RépondreSupprimerIl est d'autant plus étrange et dérangeant d'assister à de tels épanchements racistes que nous sommes nous-mêmes dans une période de véritable implication politique, dans une perspective de maturité.
La question est justement celle que tu évoques, c'est-à-dire celle de la spécificité d'un discours politique temporel et délimité dans un espace qui est celui de la contingence. Dès lors tout le problème est soit de se persuader que nos contemporains sont des cons racistes invétérés, et donc de penser que la politique actuelle n'est qu'un révélateur de notre médiocrité, ou alors de penser que la politique actuelle n'est pas l'essence de notre société et que nos concitoyens ne sont qu'impliqués dans quelquechose qui les dépasse. Entre nous les deux solutions sont soit très pessimiste, soit un peu pessimiste...
Bien sûr et heureusement que le doute a sa place là où tant de certitutes et de préjugés sont lancés à tout va !

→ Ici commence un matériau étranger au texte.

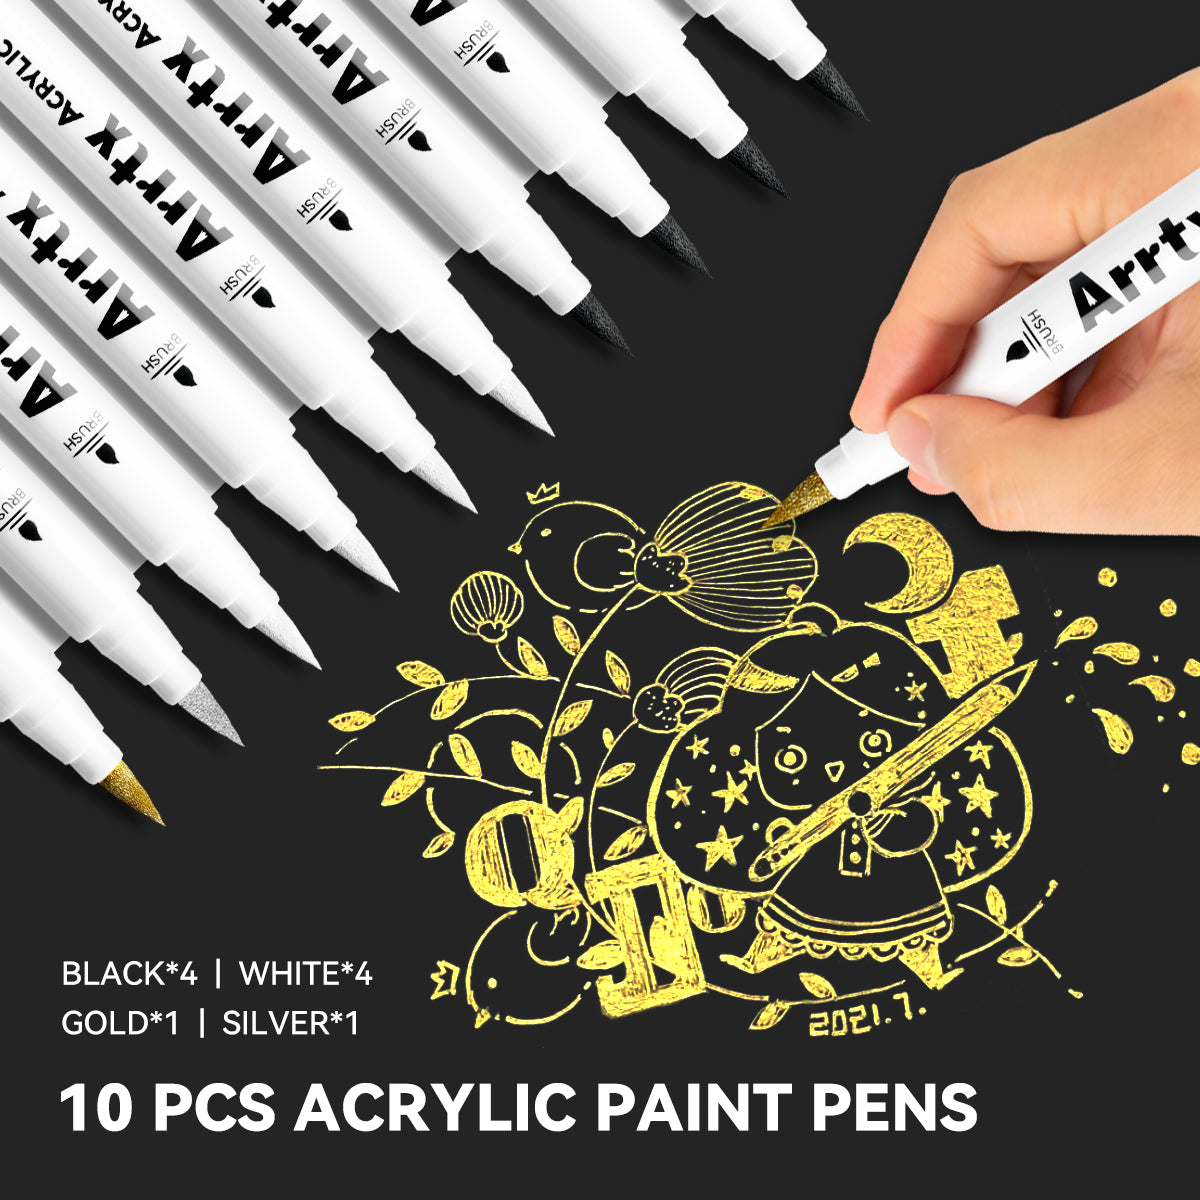 Arrtx Acrylic Paint Pens 10 Pack Brush Tip Paint Markers

Doutons bordel ! C'est comme ça que la politique avance (c'est pas de moi mais d'Alain, sauf le "bordel")! C'est peut-être le moment de croire en quelquechose d'autre, ce n'est en tout cas pas le moment de lâcher nos convictions et notre amour du débat et de la réflexion ! Saisissons-la cette chance qui nous est offerte d'exercer notre esprit critique!
"C'est Gorki ou Lénine ou Maiakovski je sais plus, qui disait à propos de la révolution russe, à propose de la prise de pouvoir, que la situation était telle à ce moment là qu'il fallait saisir la chance sur mille, parce que l'espèrance en choisissant cette chance sur mille était infiniment plus grande qu'en ne la choisissant pas"
Tu verras Clermont-ferrand ! On ira en pélerinage au Garden Ice (qui a remplacé le Suffren mais où il reste l'étage) et on jouera la scène. On ira à Notre-Dame-du-Port, et peut-être croiseras-tu une vision fugace de l'Amour. Mais comme ce film date d'une époque quelque peu guindée, on ira aussi se pinter la tronche dans les bars !
Comme disait De Gaulle, "vaste programme".
Te souhaitant une bonne journée là où se termine la mienne, toi qui est en quelque sorte dans mon passé.